A link is a connection between 2 knots. It has no mass, and it applies force on the knots connected to each end derived from the difference between its current length and its initial length.
The system takes for input the initial position of each knot, each knot's anchored state, a list of links (presented as arrays of knot indices), and each link's initial lengths. The system then begins iterating over the network by adding up all the forces affecting each knot, adjusting the knots to a their new position (dampened for stability), and keep iterating until an iteration count limit is reached, or the highest force applied at any given iteration is below a given threshold. I don't care to solve over time, I don't need velocity, all I want is the final "relaxed" position of each knot.

Leveraging NumPy's vectorization, I came up with this code:

import numpy as np
from numpy.core.umath_tests import inner1d

def solver(kPos, kAnchor, link0, link1, w0, cycles=1000, precision=0.001, dampening=0.1, debug=False):
    """
    kPos       : vector array - knot position
    kAnchor    : float array  - knot's anchor state, 0 = moves freely, 1 = anchored (not moving)
    link0      : int array    - array of links connecting each knot. each index corresponds to a knot
    link1      : int array    - array of links connecting each knot. each index corresponds to a knot
    w0         : float array  - initial link length
    cycles     : int          - eval stops when n cycles reached
    precision  : float        - eval stops when highest applied force is below this value
    dampening  : float        - keeps system stable during each iteration
    """

    kPos        = np.asarray(kPos)
    pos         = np.array(kPos) # copy of kPos
    kAnchor     = 1-np.clip(np.asarray(kAnchor).astype(float),0,1)[:,None]
    link0       = np.asarray(link0).astype(int)
    link1       = np.asarray(link1).astype(int)
    w0          = np.asarray(w0).astype(float)

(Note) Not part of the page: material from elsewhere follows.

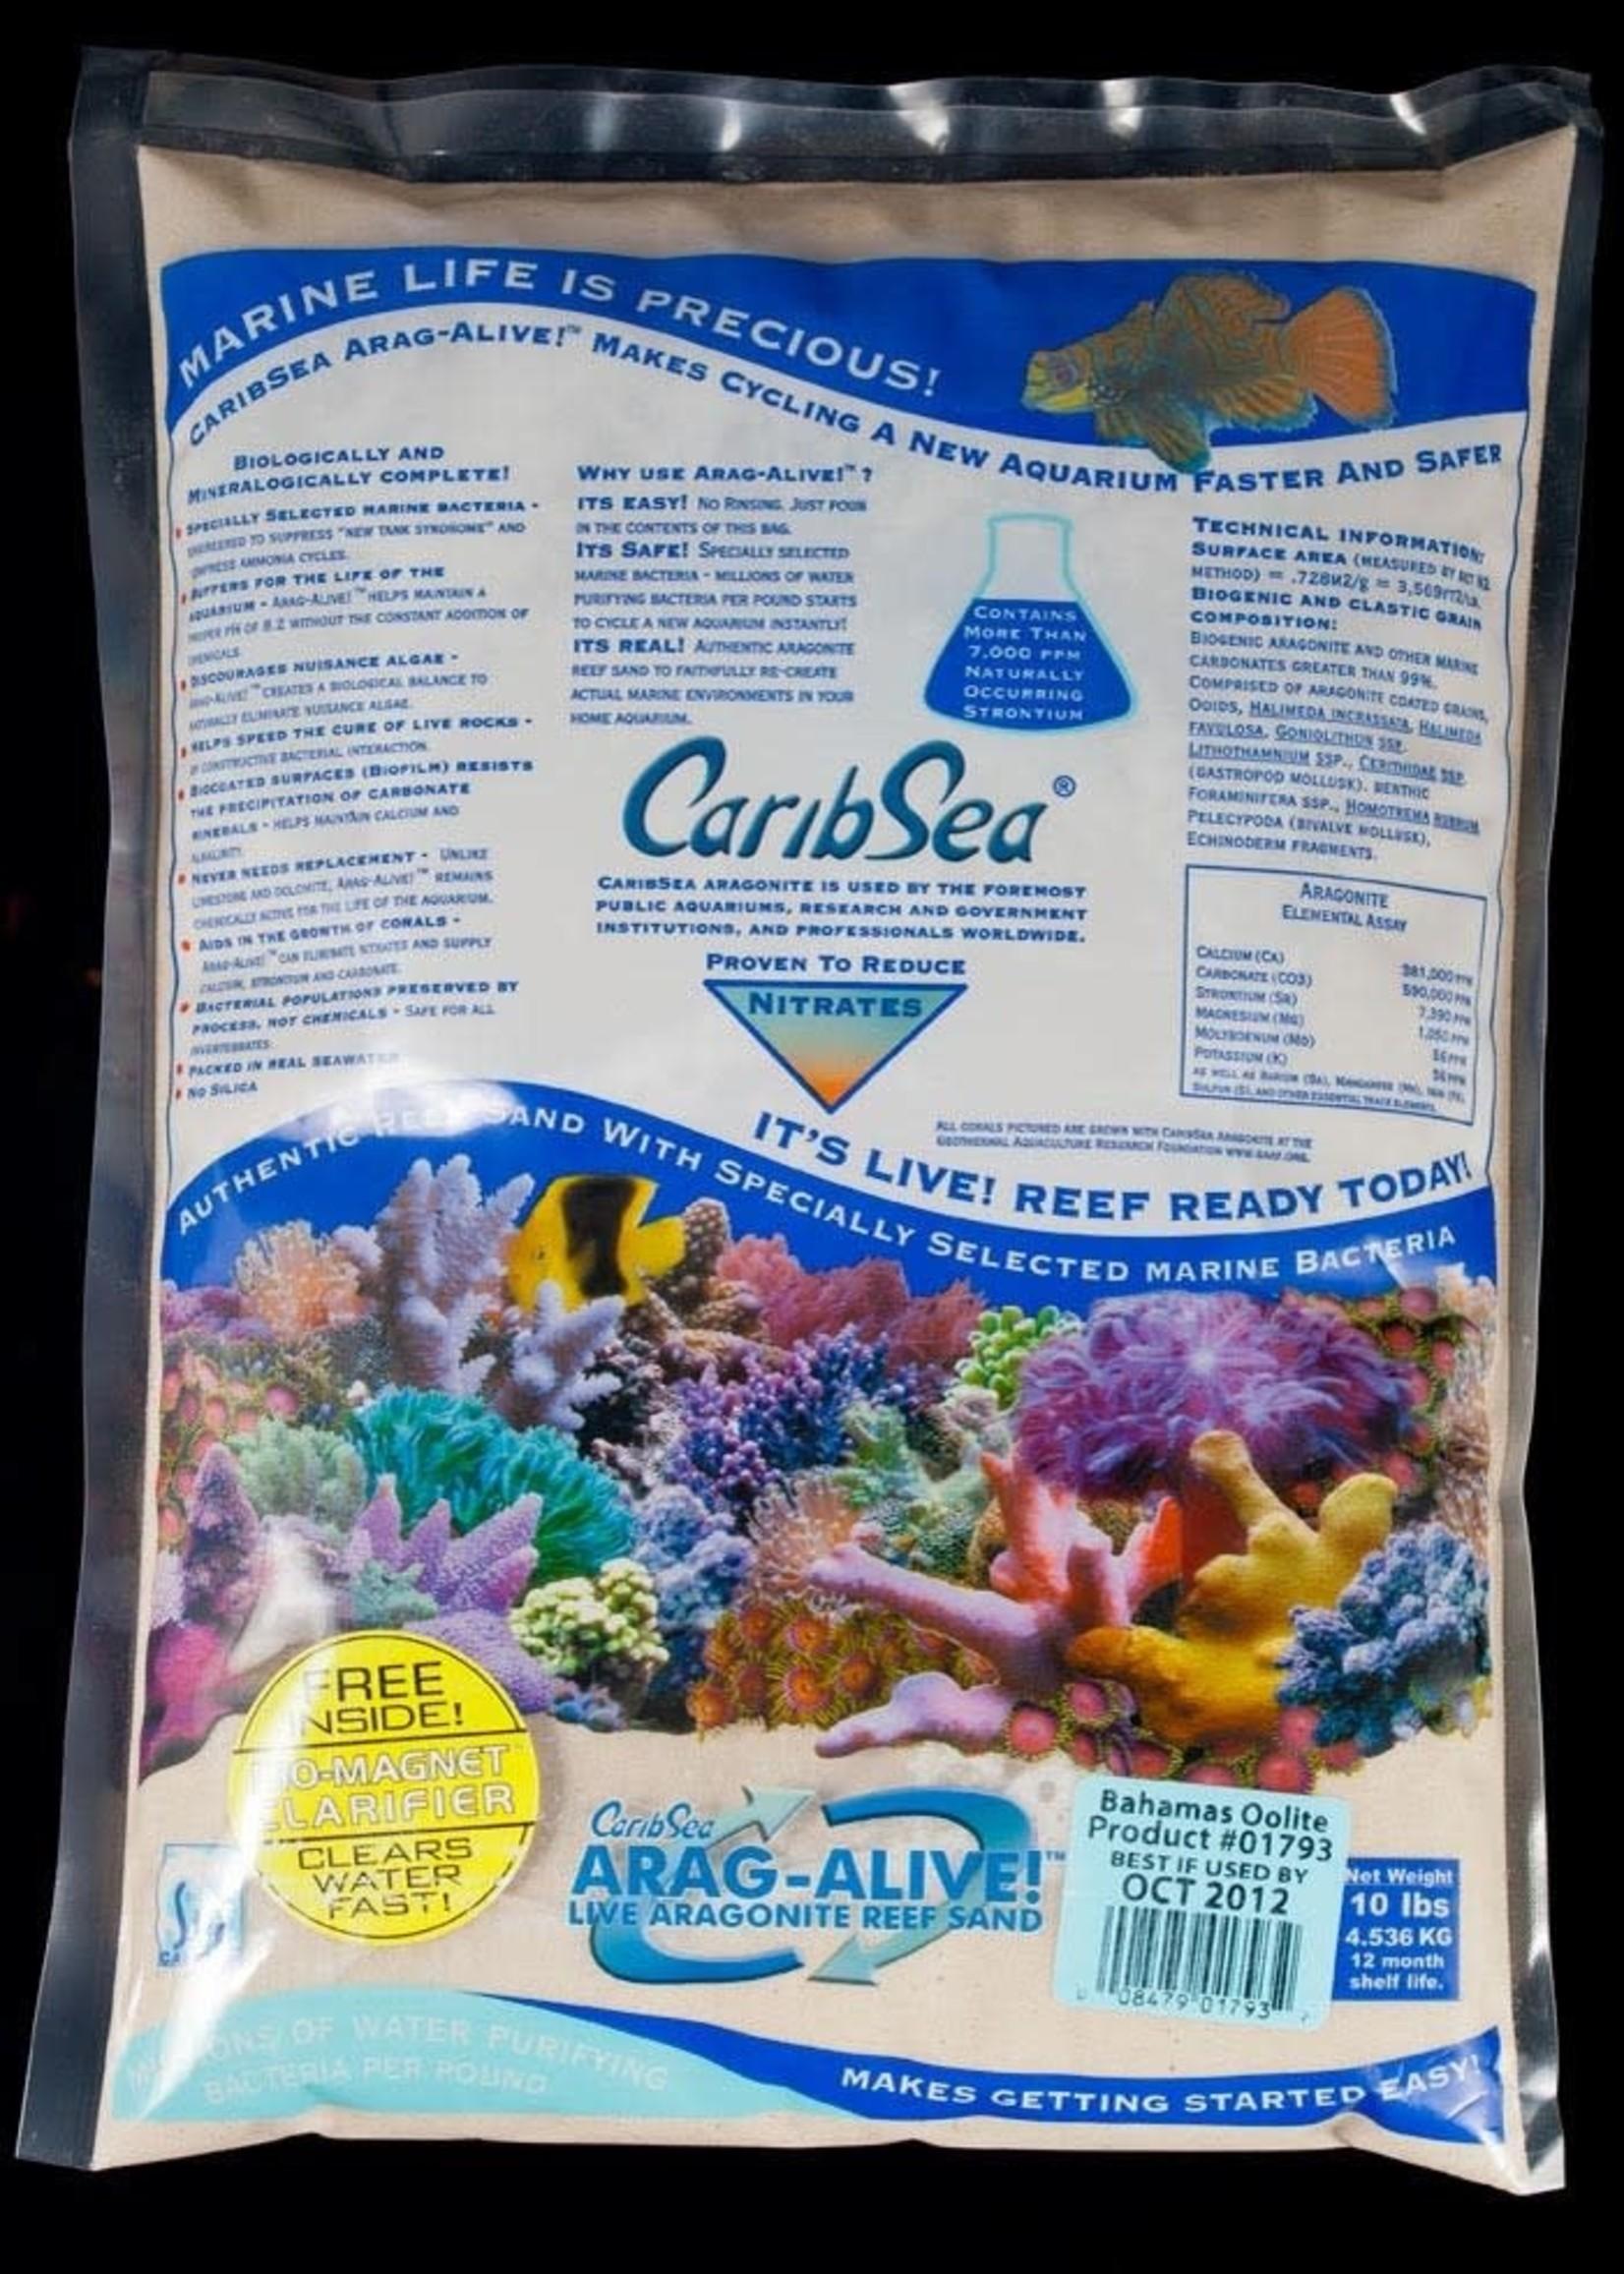 CARIBSEA INC CaribSea Arag-Alive Bahamas Oolite 10lb

    F = np.zeros(pos.shape)
    i = 0
    knots, ndim = kPos.shape

    for i in xrange(cycles):

        # Init force applied per knot
        F = np.zeros(pos.shape)

        # Calculate forces
        AB = pos[link1] - pos[link0] # get link vectors between knots
        w1 = inner1d(AB,AB) ** 0.5 # get link current lengths
        AB/=w1[:,None] # normalize link vectors
        f = (w1 - w0) # calculate force
        f = f[:,None] * AB # calculate force vector

        # Apply force vectors on each knot
        #np.add.at(F, link0, f)      # F[link0] += f*AB
        #np.subtract.at(F, link1, f) # F[link1] -= f*AB
        #
        # Now using @Jaime's suggestion, this is a huge improvement!
        for dim in xrange(ndim):
            F[:,dim] = (np.bincount(link0, weights=f[:, dim], minlength=knots) - np.bincount(link1, weights=f[:, dim], minlength=knots))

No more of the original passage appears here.